Precepts of Momentum Investing
Momentum investing seeks to take advantage of market volatility by taking short-term positions in stocks that are going up and selling them as soon as they show signs of going down, then moving the capital to a new position. In this case, the market volatility is like waves in the ocean and a momentum investor is sailing up the crest of one, only to jump to the next wave before the first crashes down again. A momentum investor looks to take advantage of investor herding by leading the pack in and then being the first one to take the money and run.

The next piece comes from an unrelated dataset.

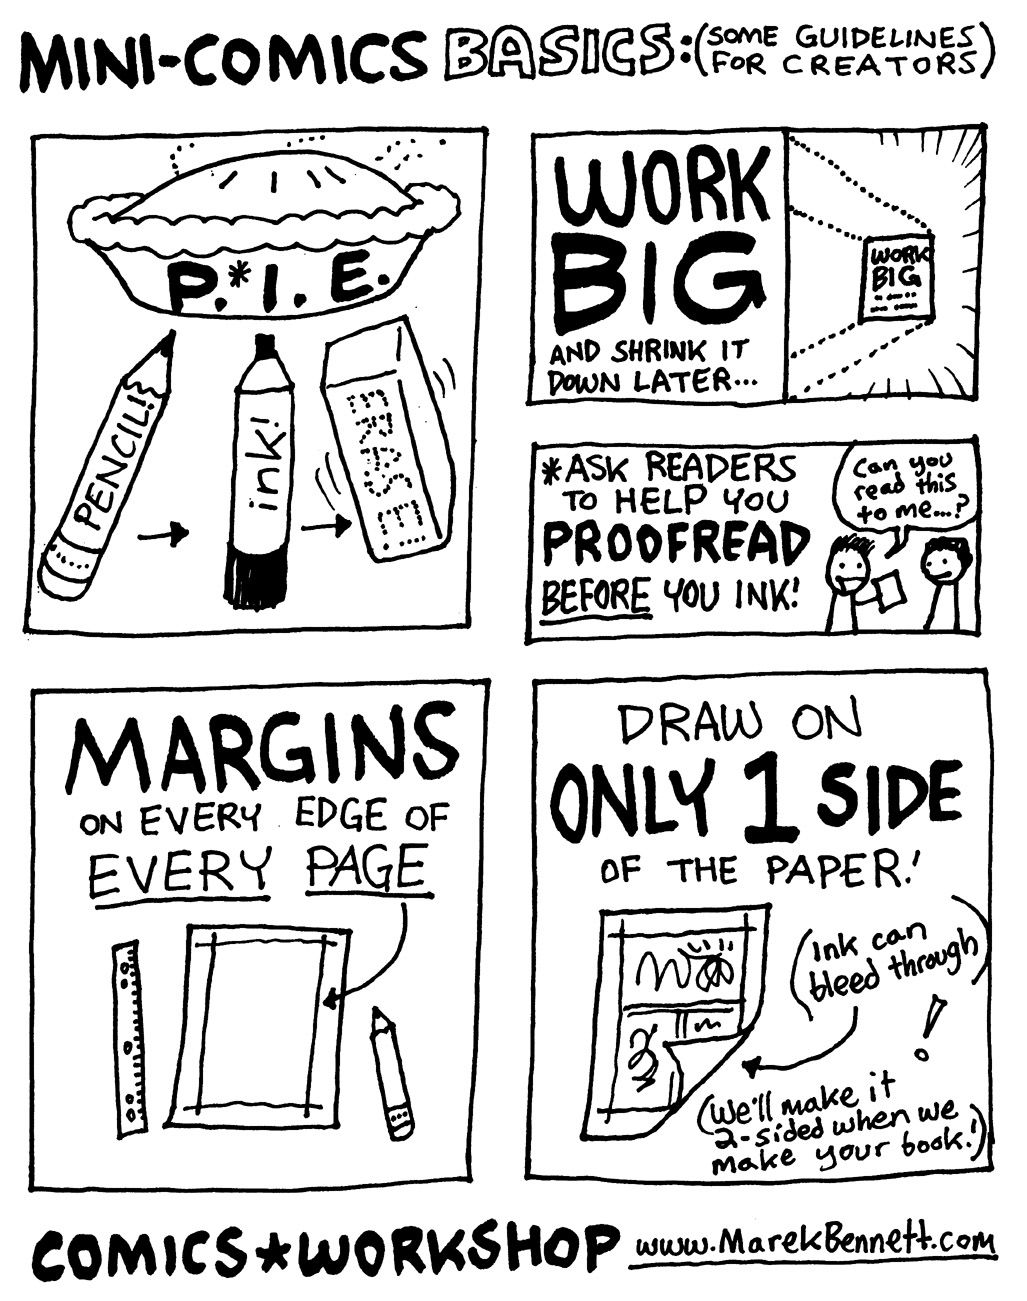 Mini-Comic Basics-Guidelines For Creators

Benefits of Momentum Investing
Momentum investing can be very profitable. For example, if you buy a growth stock that rallies from $10 to $15 on some glowing analyst reports and get out before the correction, you'll earn a profit of 50%. This is not the annualized return, but the return from a position that may have been only a week or a month old. The speed at which an investor could potentially make a pile of money is staggering. (To learn more about growth stocks, see Is Growth Always A Good Thing?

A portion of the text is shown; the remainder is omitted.